§ **Action item**: Starting at the line that contains "Metaverse: Mark Zuckerberg and Lex Fridman", write out each line exactly through the last one in the material below, and nothing more; omit all pictures.

Start of Data segment

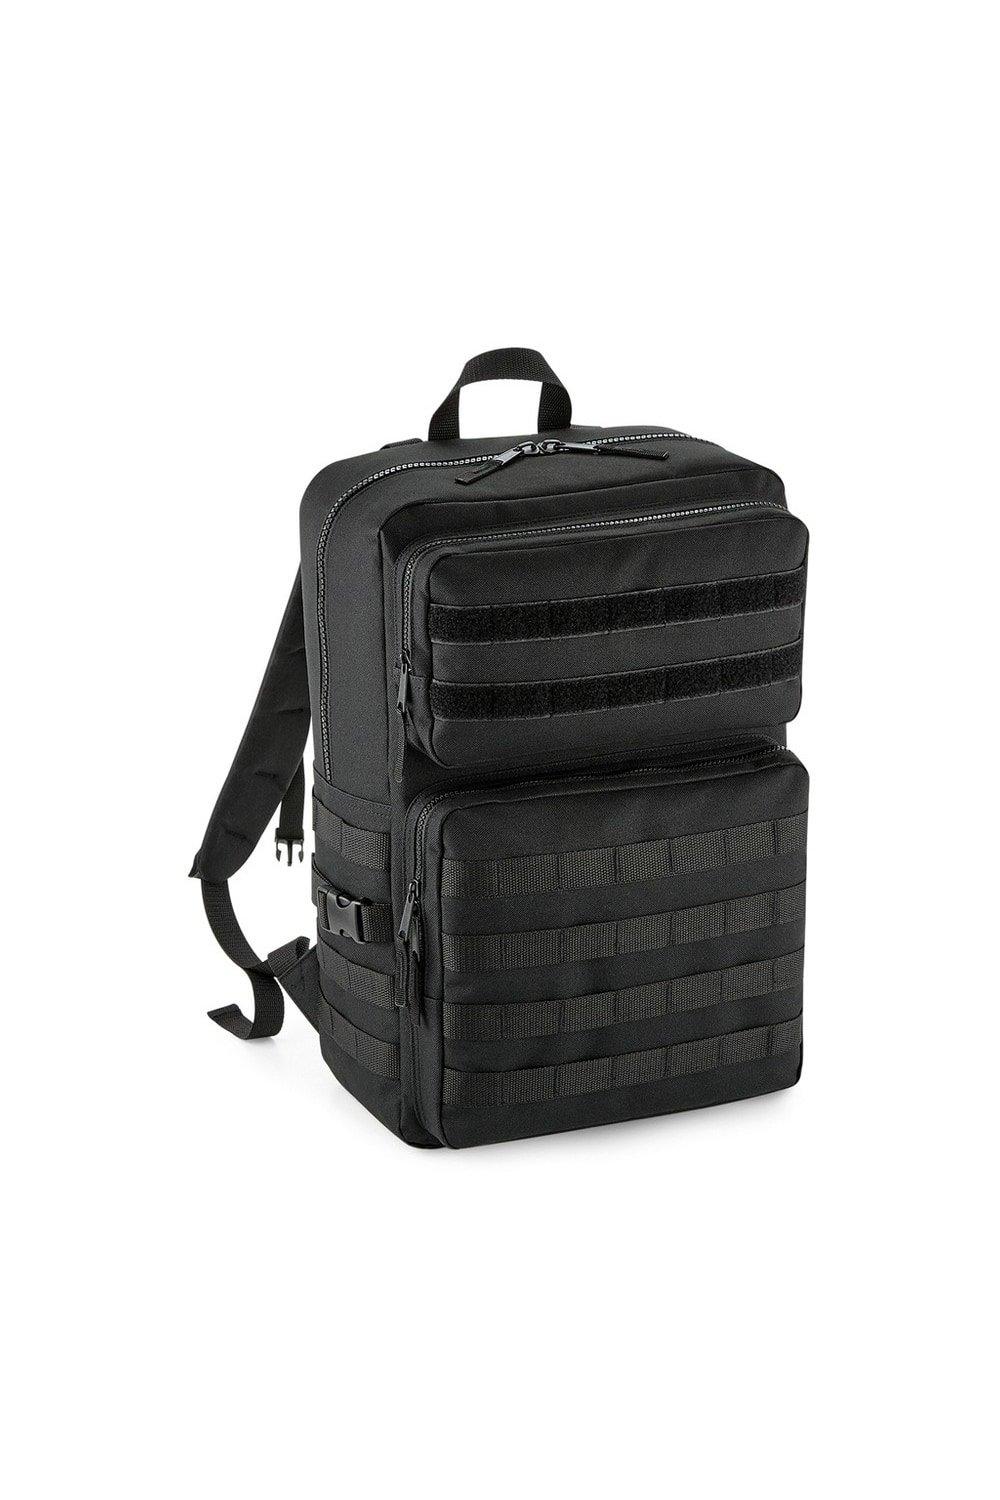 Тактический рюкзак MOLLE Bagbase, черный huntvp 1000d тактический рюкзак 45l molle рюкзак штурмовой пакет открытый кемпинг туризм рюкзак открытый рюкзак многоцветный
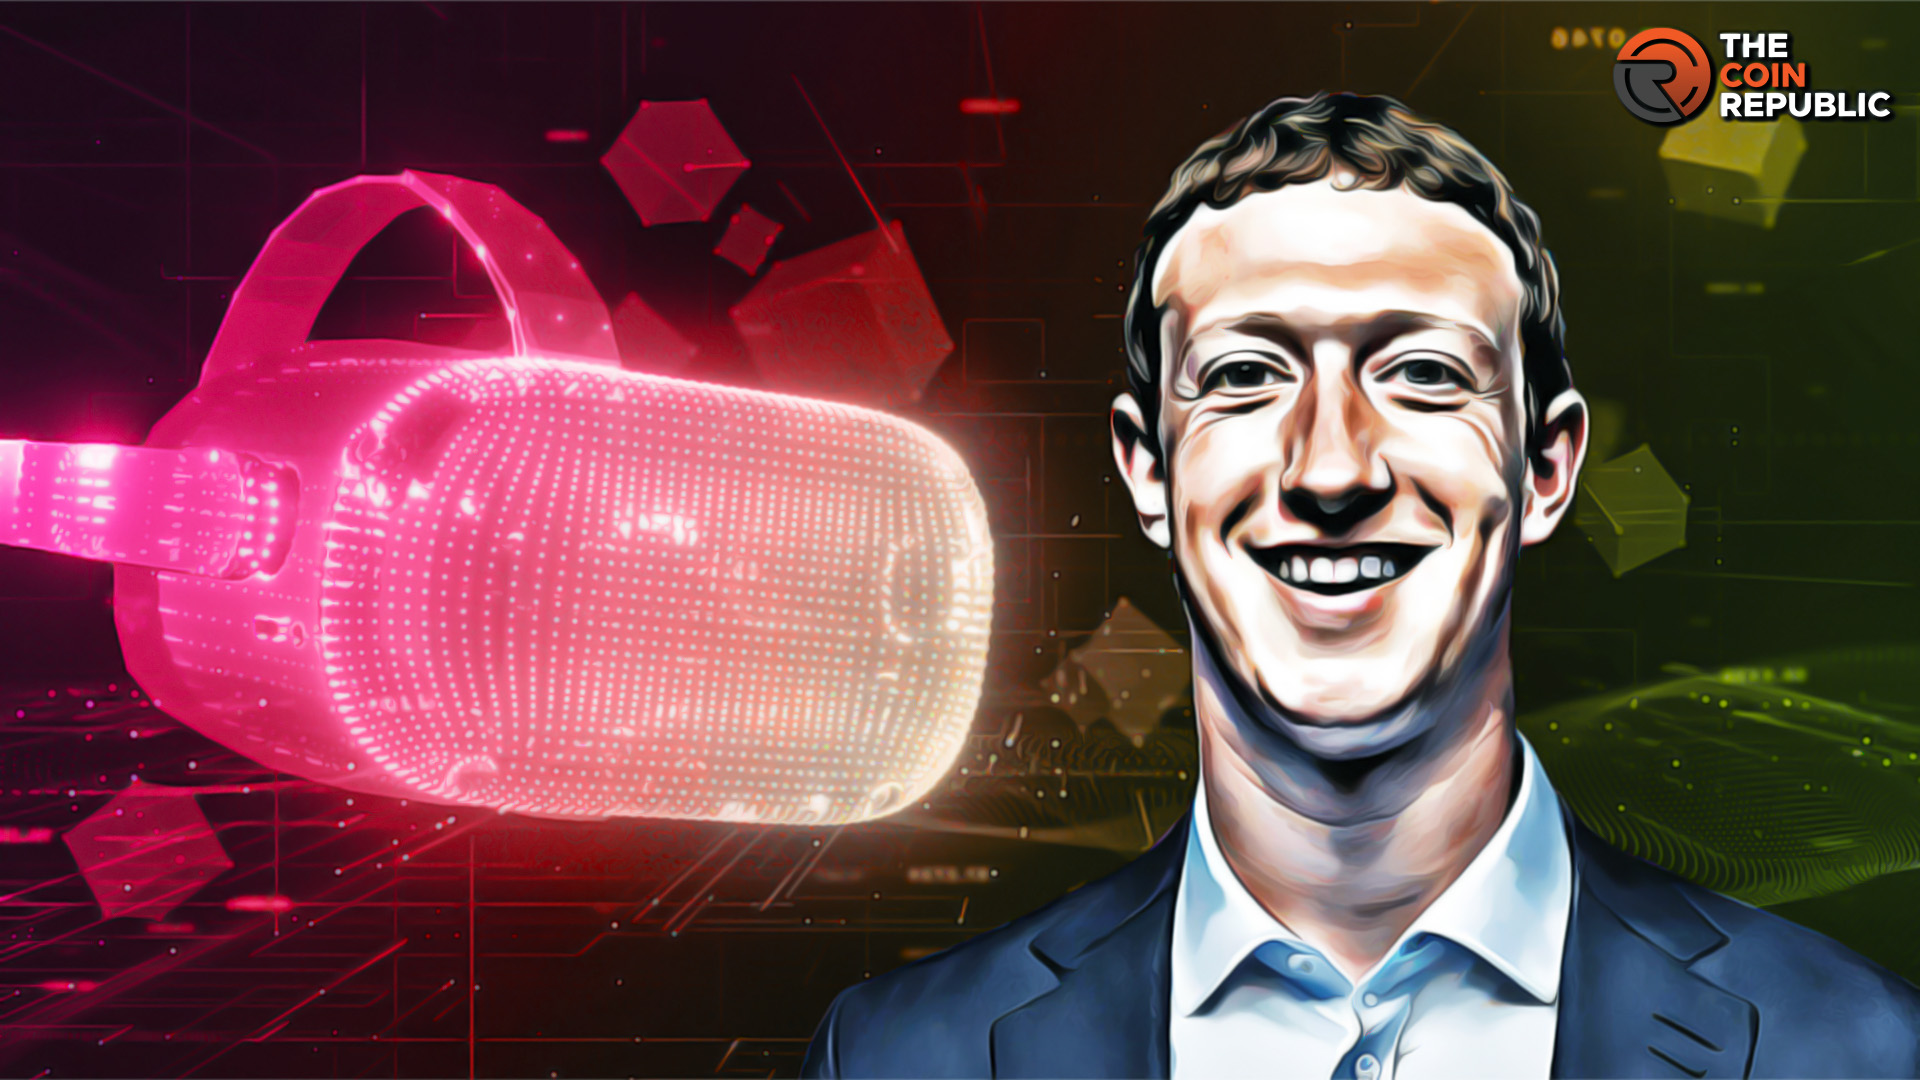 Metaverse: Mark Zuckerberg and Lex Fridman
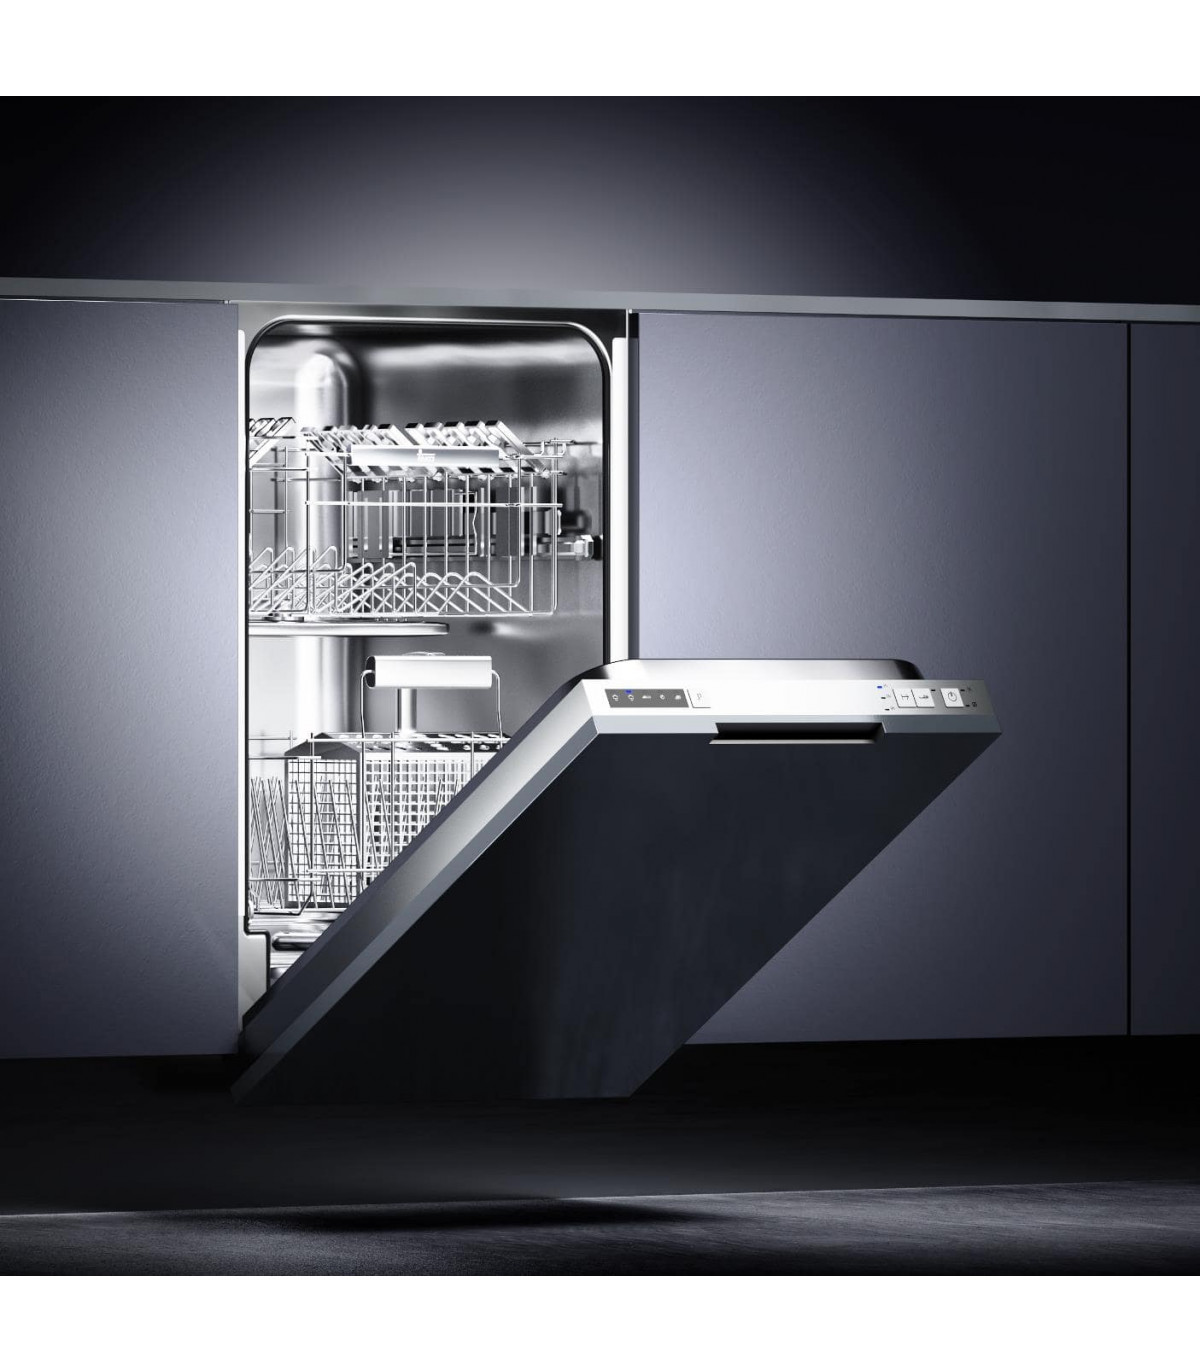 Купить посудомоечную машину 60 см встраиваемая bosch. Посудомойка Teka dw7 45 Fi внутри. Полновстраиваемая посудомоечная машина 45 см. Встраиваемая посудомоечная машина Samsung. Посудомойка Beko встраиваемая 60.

End of Data segment

§ **Finished task**:
 Metaverse: Mark Zuckerberg and Lex Fridman
 Купить посудомоечную машину 60 см встраиваемая bosch. Посудомойка Teka dw7 45 Fi внутри. Полновстраиваемая посудомоечная машина 45 см. Встраиваемая посудомоечная машина Samsung. Посудомойка Beko встраиваемая 60.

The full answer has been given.